The study population is composed of (1) all diagnosed COVID-19 patients confirmed by PCR testing: one positive testing of a single tube and admitted to NECC Fangcang hospital between 9th April and 30th May 2022, and (2) 228 community-based healthy controls from a sample of (>18 years of age) community-based residents who were tested negative in two consecutive samples, separated by at least 24 h. Of the 280 eligible controls selected, 52 declined to participate. Each control was then matched to two COVID-19 cases. Those who received at least one shot of approved vaccines were considered vaccinated. For symptomatic infections, the severity of illness was grouped into three categories: mild, moderate, and severe as defined by the Protocol for Diagnosis and Treatment of COVID-19 (Trial 9th edition) (Appendix Table 1A). Patients or the public were not involved in the design, conduct, reporting, or dissemination plans of our research.

To analyze whether inactivated vaccines were effective in protecting against infection by the SARS-CoV-2 virus, we estimated the odds ratio (OR) of the vaccination by comparing community-based healthy controls with matched cases. To examine the potential benefits of vaccines in preventing symptomatic infection (vs. asymptomatic) and lessening moderate/severe illness (vs. mild), we estimated relative risk (RR) and OR as appropriate among patients infected with SARS-CoV-2 and patients with symptomatic infections between the vaccinated and unvaccinated.

The study protocol was approved by the Ethics Committee of Zhongshan Hospital Fudan University [IRB No. B2022-183(2)] and was registered with the Chinese Clinical Trials Registry and written informed consent was obtained for all study participants electronically.

In the case–control study, selected COVID-19 cases were matched to each healthy control in the ratio of 2:1 using propensity score matching (PSM). The individual propensity score was generated from a logistic regression model using infection status as the dependent variable and age, gender, marital status, hypertension, and diabetes as explainable variables. The cases were matched to controls using the nearest method, i.e., for each control, two cases of nearest neighbors were selected based on their propensity scores.
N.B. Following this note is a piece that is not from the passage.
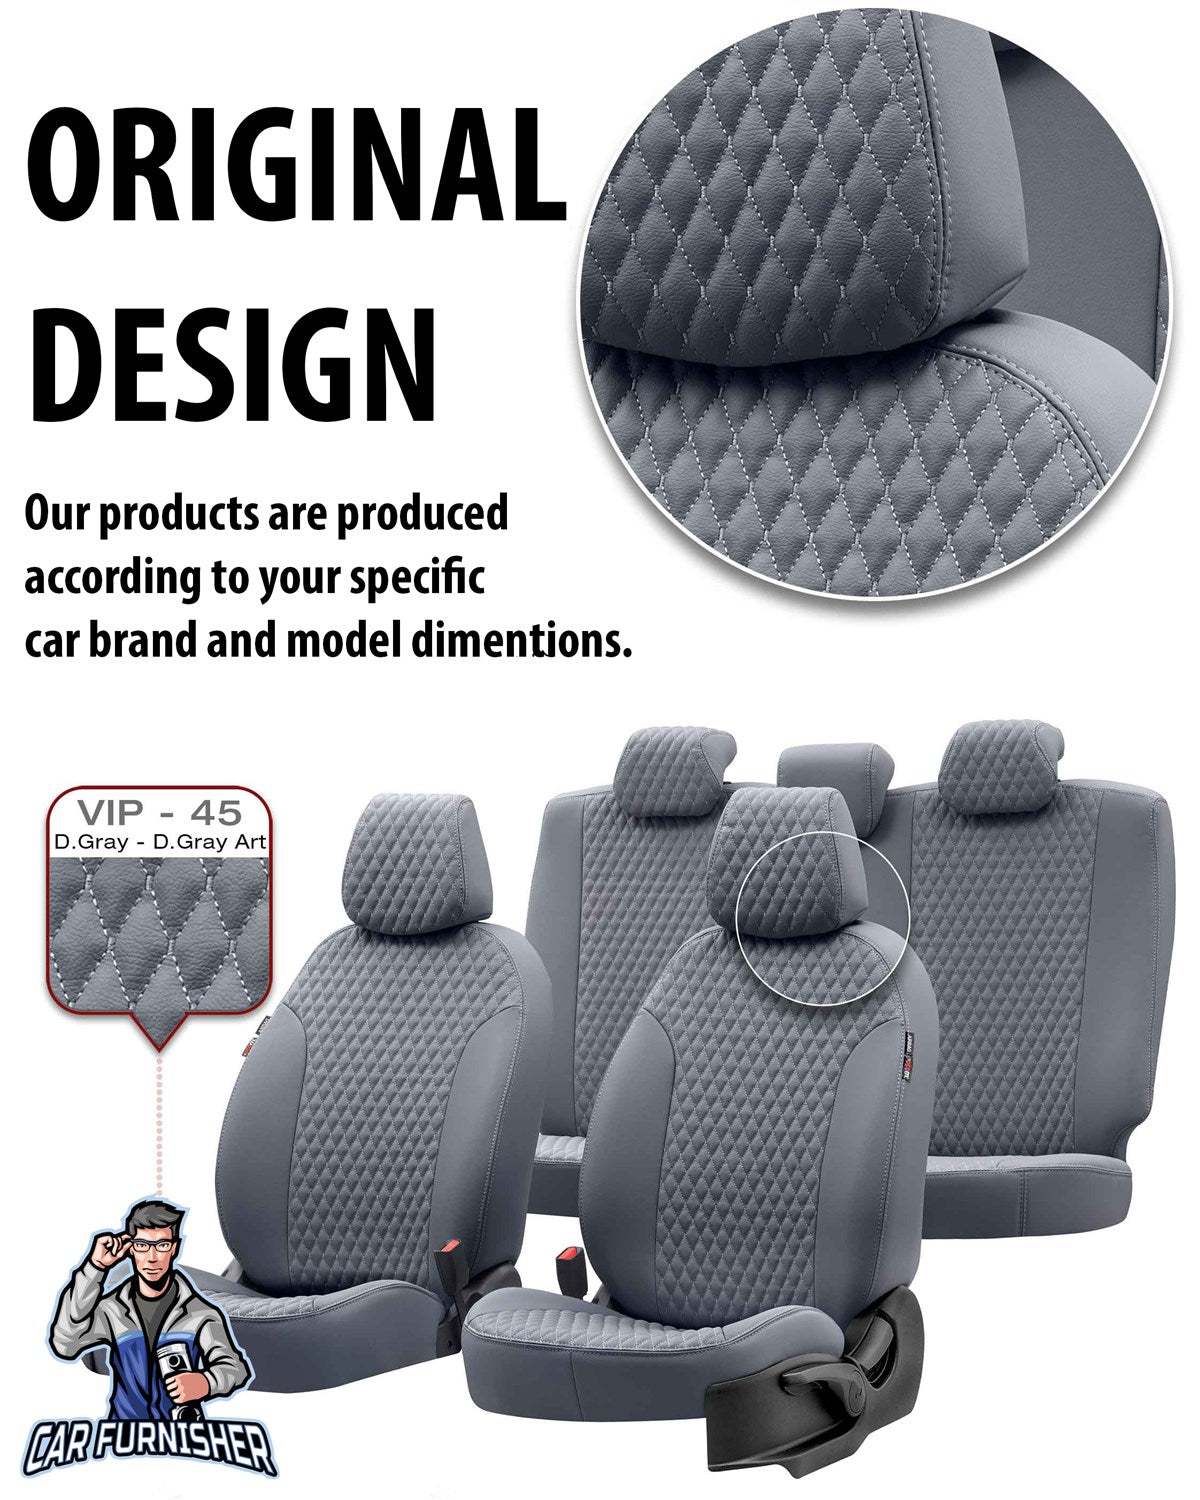 Toyota Proace City Seat Covers Amsterdam Leather Design Black Leather

Enumeration data were described as percentages, and measurement data were described as means with their standard deviation. In single-factor analysis, we estimated the OR of the vaccination status between the case and control groups and the RR of symptomatic infections between the vaccinated and unvaccinated. To control for potential confounding factors, we used a stepwise logistic regression analysis to determine the OR of symptomatic infections (vs. asymptomatic) with independent variables including vaccination, gender, age, marital status, and co-morbid conditions such as hypertension, diabetes, coronary artery disease, etc. To investigate the potential benefits of the vaccination in lessening moderate/severe infection (vs. mild) in patients with symptomatic infections with controlling for potential confounding factors, we estimated adjusted ORs by applying the stepwise logistic regression analysis with the same independent variables described above. Both models are fitted by the backward direction stepwise approach with all potential confounding factors being included in the initial step.

As our study is descriptive with no prior hypothesis for testing, we did not estimate the required sample size. We conducted the data processing and analysis using RStudio version 3.5.3.

The initial search identified 175,432 patients, after the database construction and cleaning, a total of 153,544 COVID-19 patients were included in the data analysis with the exclusion of the categorization of COVID-19 severity missing (n = 19,876) and the vaccination information missing or not specified (n = 2,012). The cleaning of the data from the NECC Fangcang hospital is illustrated in the flow chart (Figure 1). In addition, we recruited 228 community-based healthy controls with 456 cases matched from the COVID-19 patient cohort following the PSM. After matching, the cases and controls had nearly identical demographic profiles (mean age: 36.8 vs. 36.8; female gender: 43.9% vs. 44.7%; married: 64.9% vs. 66.2%).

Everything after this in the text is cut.